The typical clinical signs of anemia are weakness, exercise intolerance, inappetance or anorexia, pale mucous membranes, tachypnea, and icterus. The degree to which these clinical signs are manifested are dependent on the speed at which the anemia develops and the severity of the anemia. A patient with myelofibrosis that develops anemia over the course of many weeks may be surprisingly asymptomatic at a hematocrit of 18%, whereas a dog with acute immune-mediated hemolytic anemia and a hematocrit of 20% may be critical.

Physical examination findings in patients with anemia can be variable depending on the cause, but the clinician should look carefully for any of the following signs: icterus, which is an indication of hemolysis; splenomegaly, which can be seen in immune-mediated disease, hemotropich mycoplasma infection, Babesia, neoplasia (hemangiosarcoma and lymphoma), and extra-medullary hematopoiesis; purpura, which suggests that thrombocytopenia may be present and responsible for the anemia; and heart murmur, which is secondary to decreased blood viscosity with severe anemia.

Signalment can be an important predictor of disease. Certain breeds of dog may have hemolytic anemia associated with a genetic disorder. This includes pyruvate kinase deficiency in basenjis and beagles and phosphofructokinase deficiency in English springer spaniels. Also an older dog is more likely to have anemia associated with neoplasia and a middle-aged dog more often has immune-mediated disease.

There are a variety of oddities and miscellaneous points of interest when evaluating the complete blood count and hemogram. For instance: cat platelets are almost the same size as cat red cells and are often times counted as RBCs by most machines—this does not appreciably affect the RBC count, but the platelet counts are usually very low; cat RBCs cannot be detected in machines dedicated for counting human RBCs; Akitas normally have lower MCVs; some poodles may have very high MCVs (poodle macrocytosis); in the presence of anemia, macrocytosis usually reflects current or recent accelerated erythropoiesis; markedly regenerative anemias in dogs are usually accompanied by modest increases in MCV, whereas cats often have MCVs two times normal; prominent macrocytosis may be seen in FeLV-associated anemias whether regenerative or not and has also been seen in nonregenerative anemia in FIP; macrocytosis from Vitamin B12 deficiency (Cobalamin deficiency) is seen in a few breeds (esp. Giant schnauzer and Border collie); microcytosis is a feature of iron deficiency in adult dogs and cats; puppies are born with high MCV and hematocrit—the MCV is normal by 2-3 months, but the hematocrit declines to approximately 30% by 4-6 weeks and gradually increases to normal values by 6-12 months; kittens are born with hematocrit values of ~35% which fall to 25% by 3-4 weeks, and increase to normal by 16 weeks.

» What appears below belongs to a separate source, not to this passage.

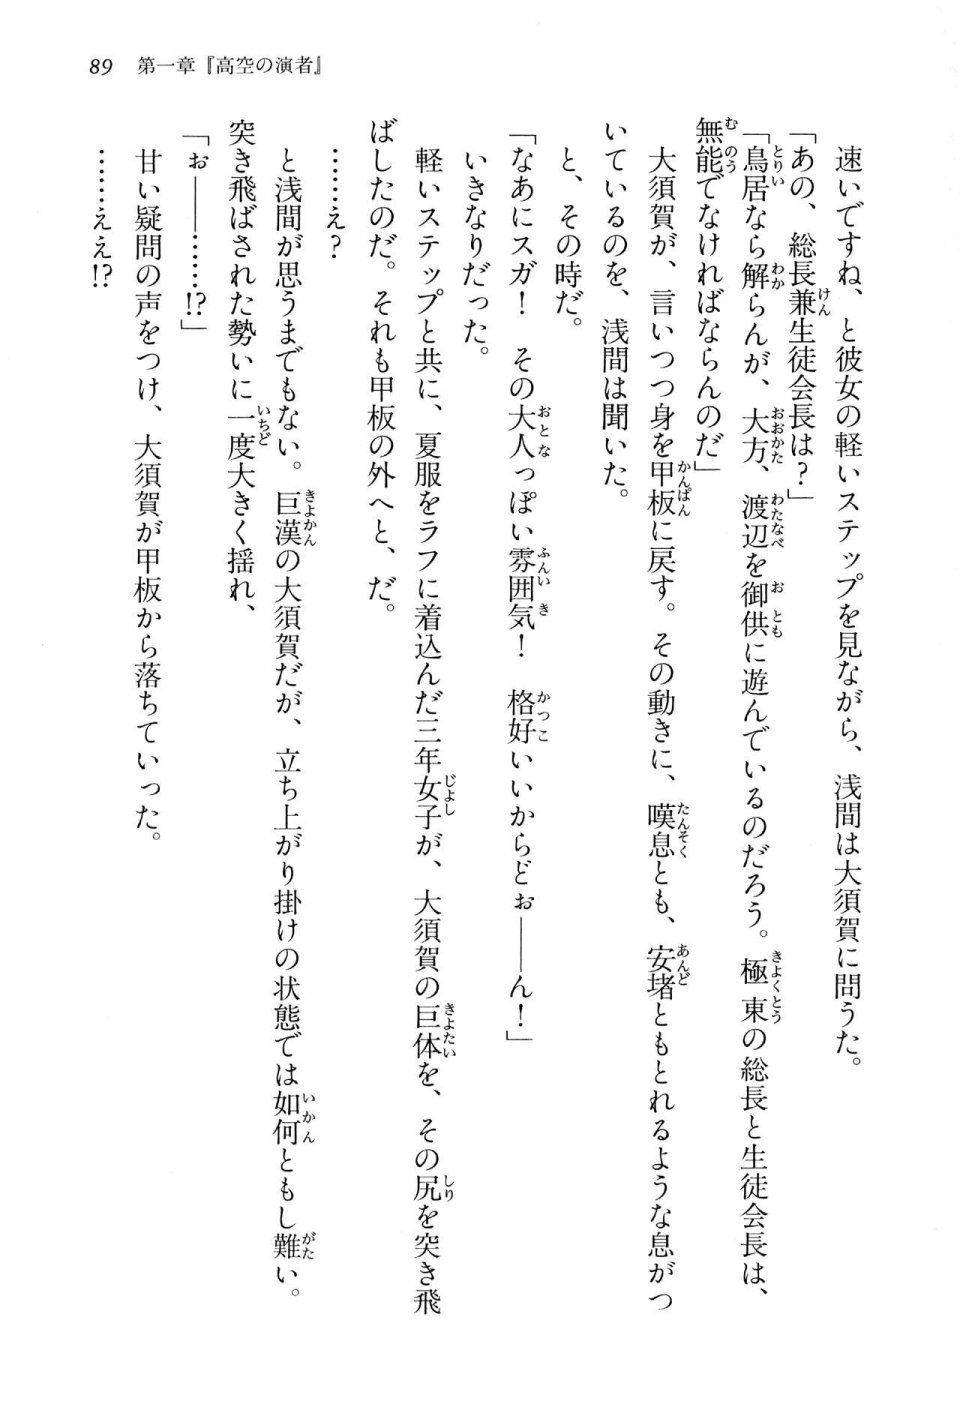 Kyoukai Senjou no Horizon BD Special Mininovel Vol 1(1A) - Photo #93

Red blood cell morphology can sometimes be indicative of specific disease processes. Some items to keep in mind include: polychromasia indicates increased release of immature cells; nucleated RBCs may accompany reticulocytosis, but are also seen in myeloproliferative disease, dysmelopoiesis, and extramedullary hematopoiesis; basophilic stippling, the spontaneous aggregation of ribosomes and organelles into basophilic granules, should lead to a suspicion of lead toxicity; Heinz bodies, which are hemoglobin precipitated by oxidative injury and are seen frequently in cats and are probably normal in cats in small numbers; spherocytes, red blood cells that are smaller and have lost their central pallor, which are formed when part of the RBC membrane is removed in an immune-mediated process and are the hallmark of immune-mediated hemolytic anemia; and acanthocytes, irregularly shaped RBCs, which are seen in liver disease, hemangiosarcoma, hypercholesterolemia, and feline hepatic lipidosis.

After detemining that a patient is anemic (low hematocrit/PCV/RBC mass), the first question to ask is: Is this regenerative or non-regenerative anemia? Determination of RBC regeneration is made by evaluating the reticulocyte count. The presence of nucleated RBCs and polychromasia are not reliable indicators of regeneration. Remember that with recent blood loss or hemolysis less than 2-4 days old, the regenerative response may be inapparent or inadequate. The easiest and best way to determine if the anemia is regenerative is to calculate the absolute reticulocyte count. This is done by multiplying the percent of reticulocytes by the RBC count. The absolute reticulocyte count should be >60,000 in cats and >100,000 in dogs (some use >60,000 in dogs).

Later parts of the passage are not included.